Our current revenue model primarily depends on advertising fees paid primarily by travel, entertainment and local businesses. A number of factors can influence whether current and new advertisers decide to advertise their offers with us. We have been impacted and expect to continue to be impacted by external factors such as the shift from offline to online advertising, the relative condition of the economy, competition and the introduction of new methods of advertising, and the decline in consumer demand for vouchers. A number of factors will have impact on our revenue, such as the reduction in spending by travel intermediaries due to their focus on improving profitability, the trend towards mobile usage by consumers, the willingness of consumers to purchase the deals we advertise, and the willingness of certain competitors to grow their business unprofitably. In addition, we have been impacted and expect to continue to be impacted by internal factors such as introduction of new advertising products, hiring and relying on key employees for the continued maintenance and growth of our business and ensuring our advertising products continue to attract the audience that advertisers desire.

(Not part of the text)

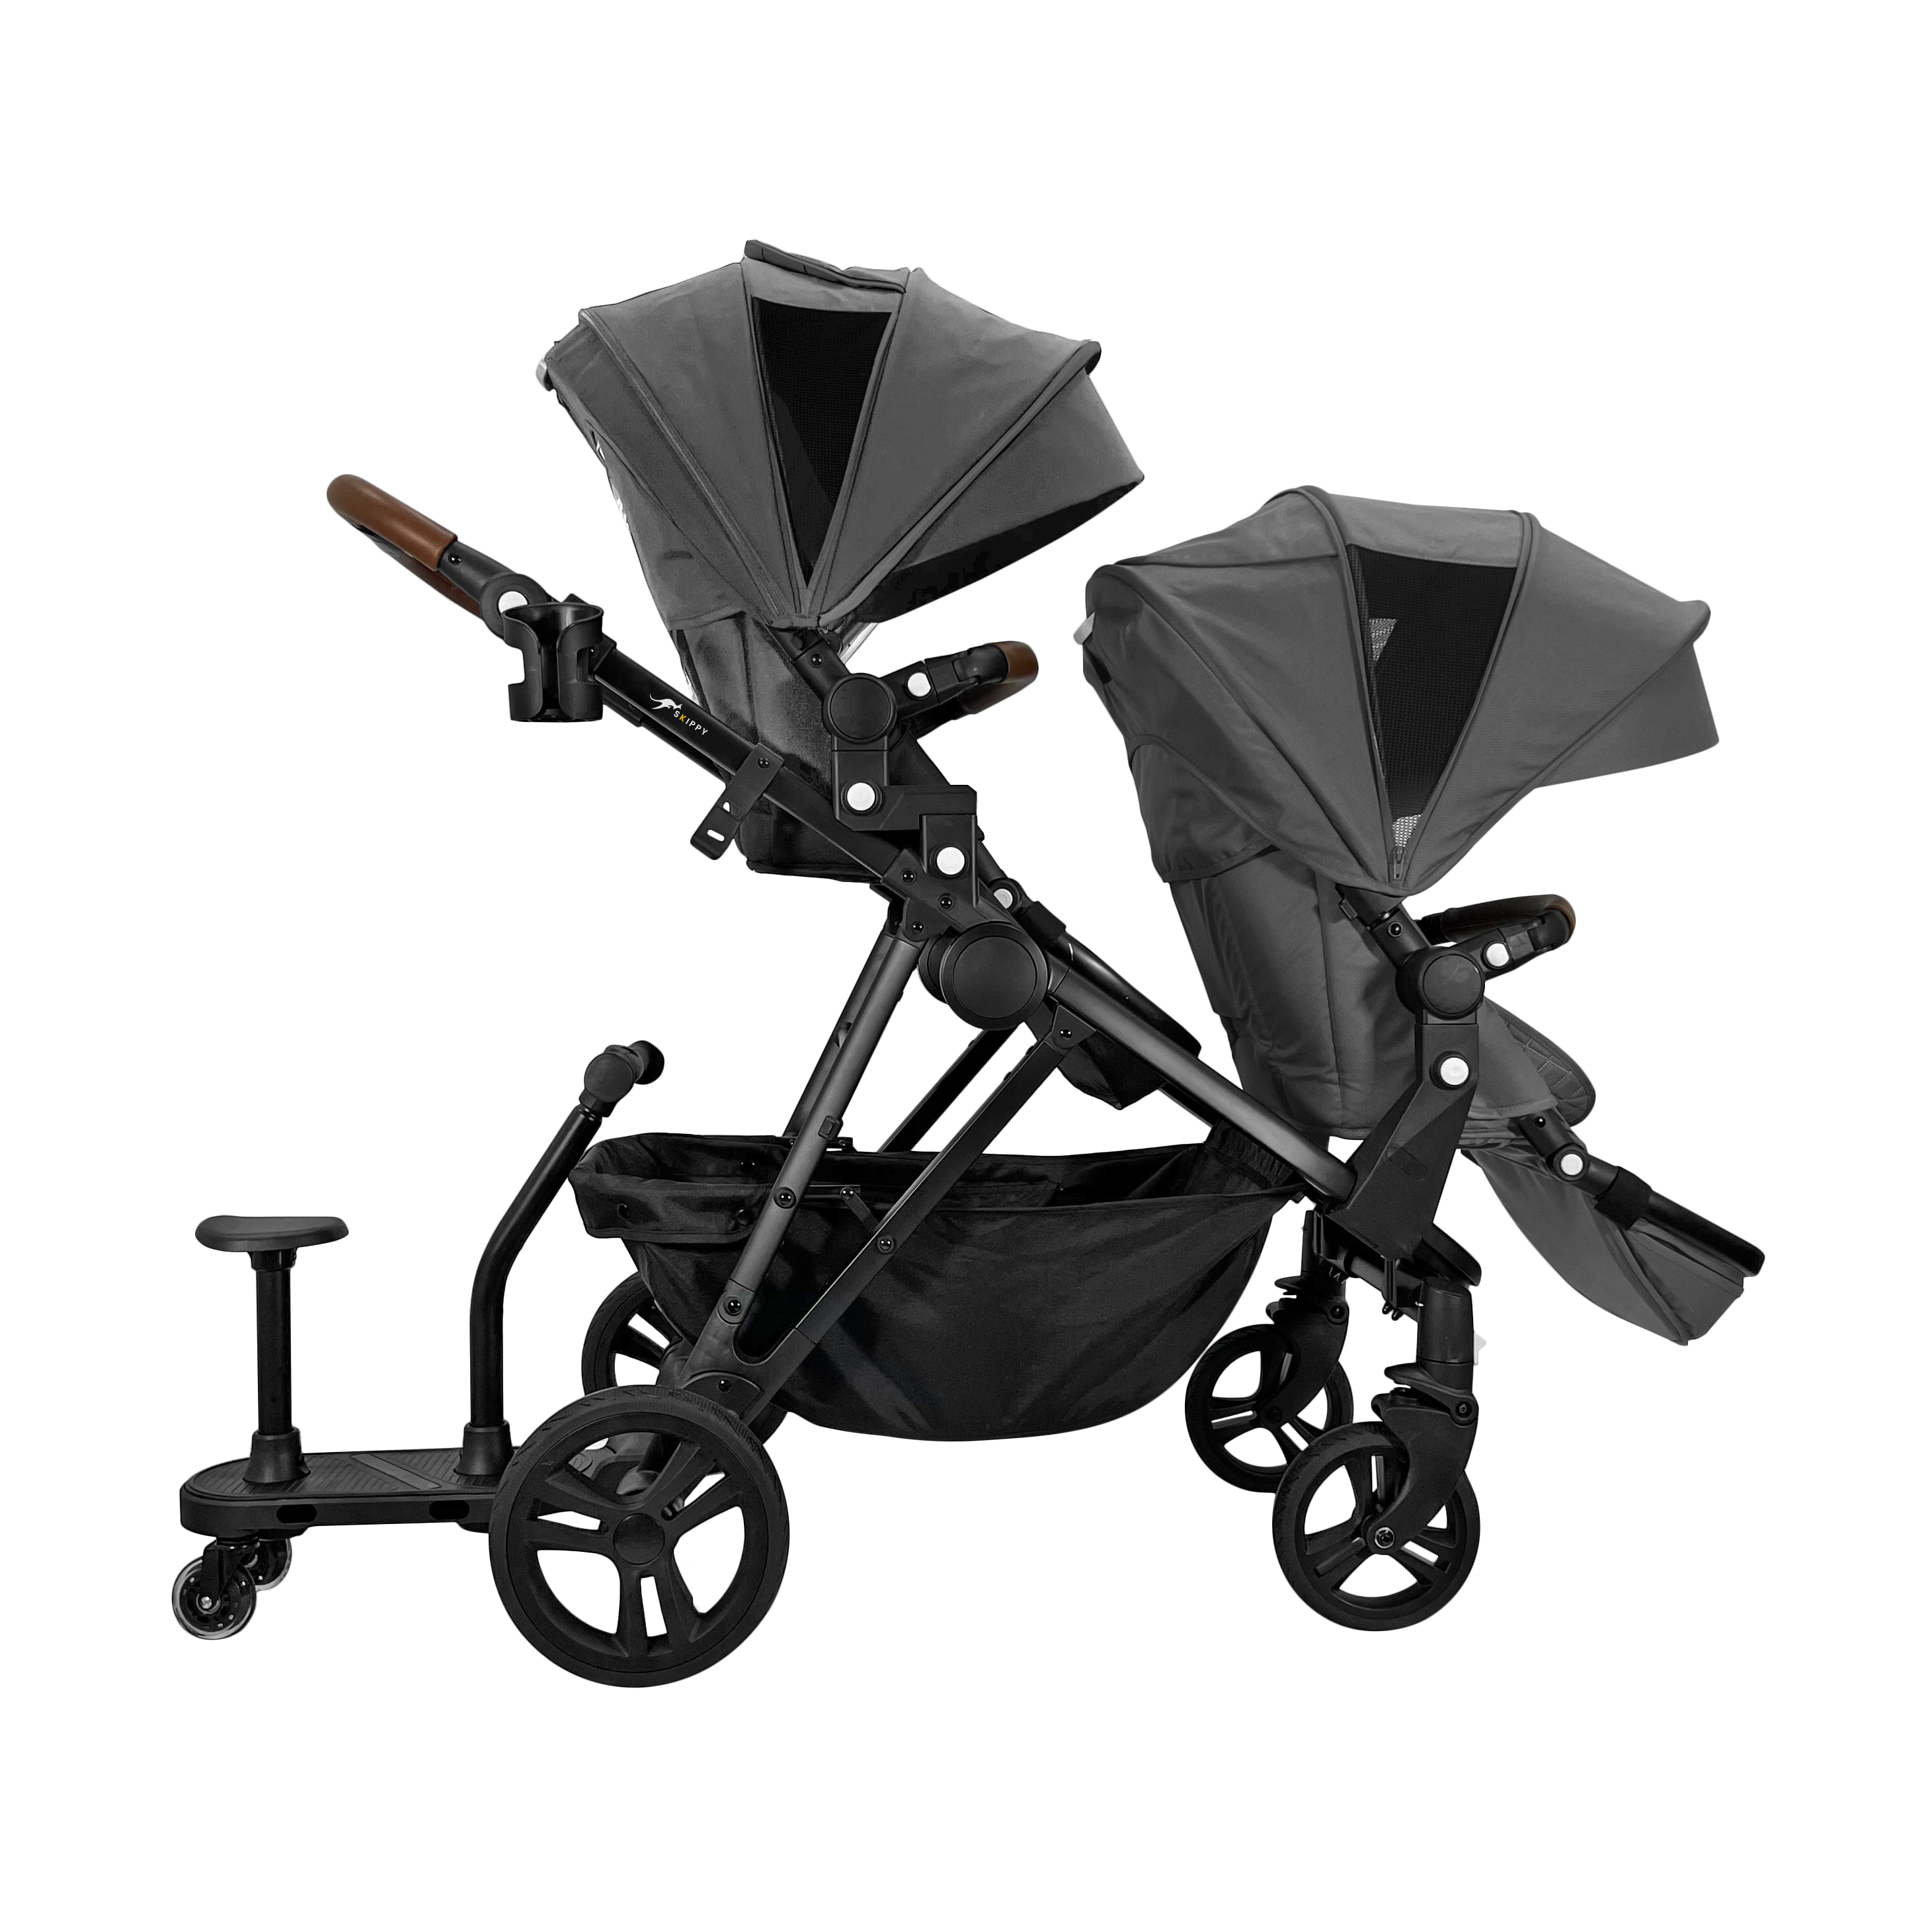 Lusso 2 Double Pram - Damaged Box Clearance

Existing advertisers may shift from one advertising service (e.g. Top 20) to another (e.g. Local Deals and Getaways). These shifts between advertising services by advertisers could result in no incremental revenue or less revenue than in previous periods depending on the amount purchased by the advertisers, and in particular with Local Deals and Getaways, depending on how many vouchers are purchased by members. In addition, we are anticipating a shift from our existing hotel revenue to commission-based hotel revenue as we expand the use of our hotel platform, which may result in lower revenue depending on volume of hotel bookings.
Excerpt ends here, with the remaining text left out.